Background and state-of-the-art

We consider online communities in the general sense of sharing common interests or purposes through data. Community members can be private users volunteering their time for a common project. They can also be professionals (researchers, engineers, support staff, etc.) who use web-scale collaboration in their workplace within or across their organizations. Therefore, the advantages of mass collaboration such as faster production and better accuracy of knowledge and data can be brought to all kinds of companies and, for instance, help them create better services and products faster at lower cost. To illustrate the data management requirements in this context, let us introduce two representative, rather complex examples of online community applications: collaborative medical research and social networking systems.

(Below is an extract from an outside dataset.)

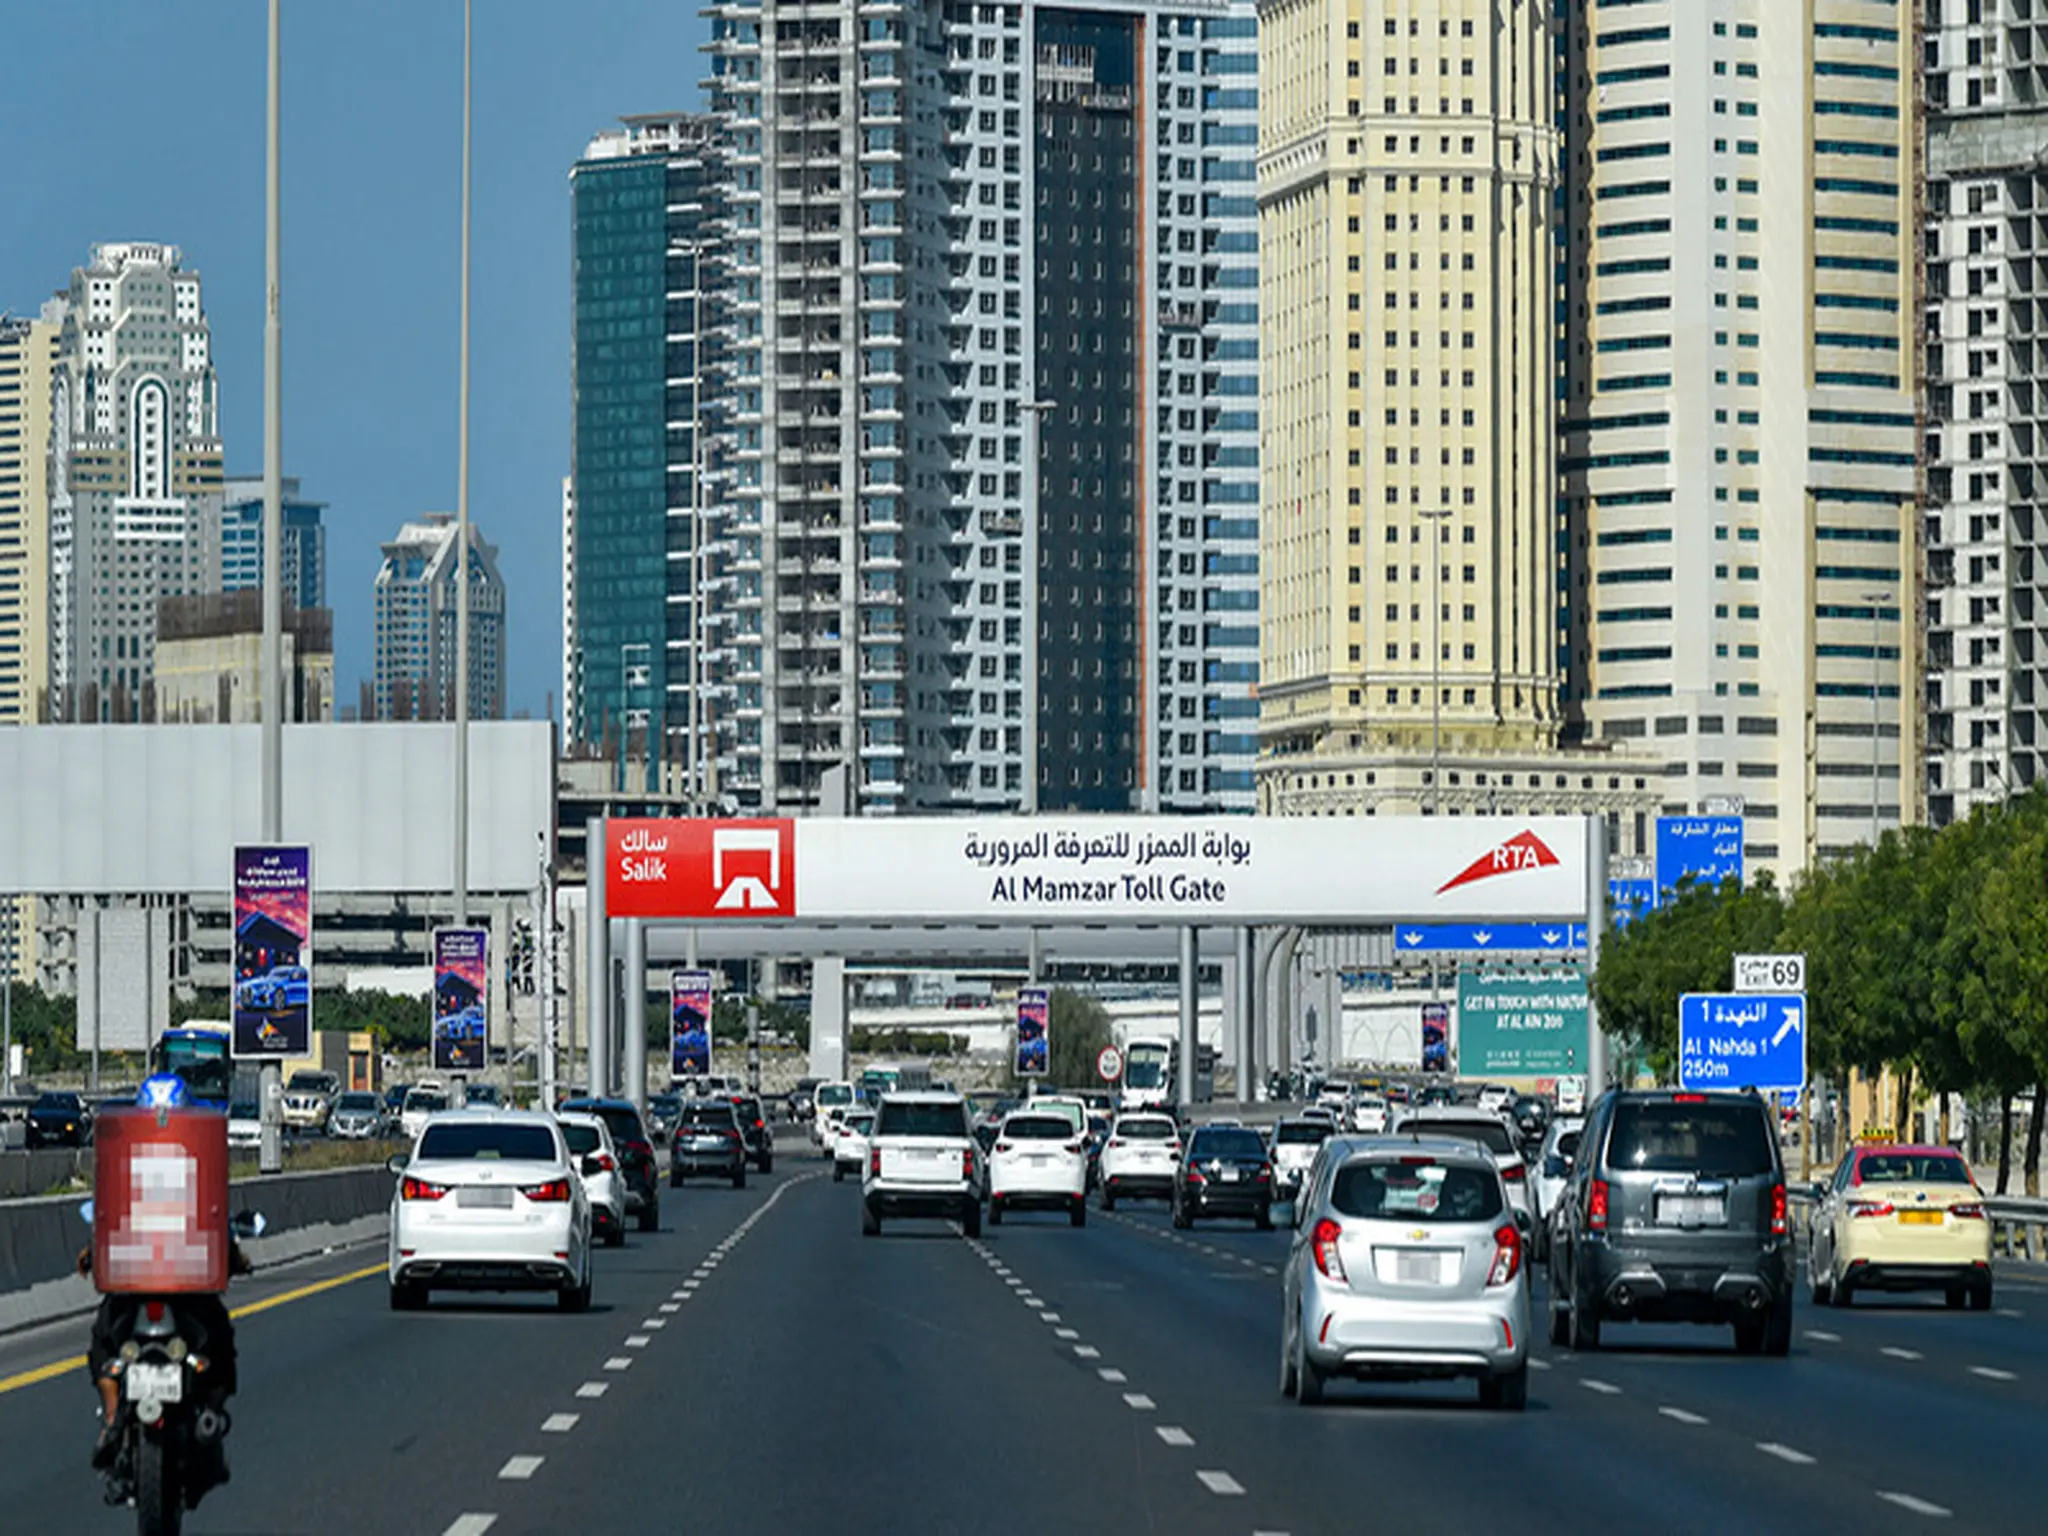 Dubai Al Barsha .. the most popular residential buildings for renting apartments for families and individuals

  Collaborative medical research. Medical research is a highly collaborative process, involving multiple organizations (research laboratories, hospitals, pharmacy companies, etc.) and multiple participants with different levels of expertise (patient volunteers, medical scientists, biologists, pharmacists, physicians, pathologists, surgeons, etc.). As an example of complex collaboration scenario, an extensive study of the course of a disease over a number of years would require integrating data about a population of selected patients (with their diagnoses, family histories, therapies, etc) and matching them with other data (pathology data, oncology data, etc.). Other scenarios may involve simpler, shorter collaboration, e.g. a group of pathologists trying to diagnose a given patient.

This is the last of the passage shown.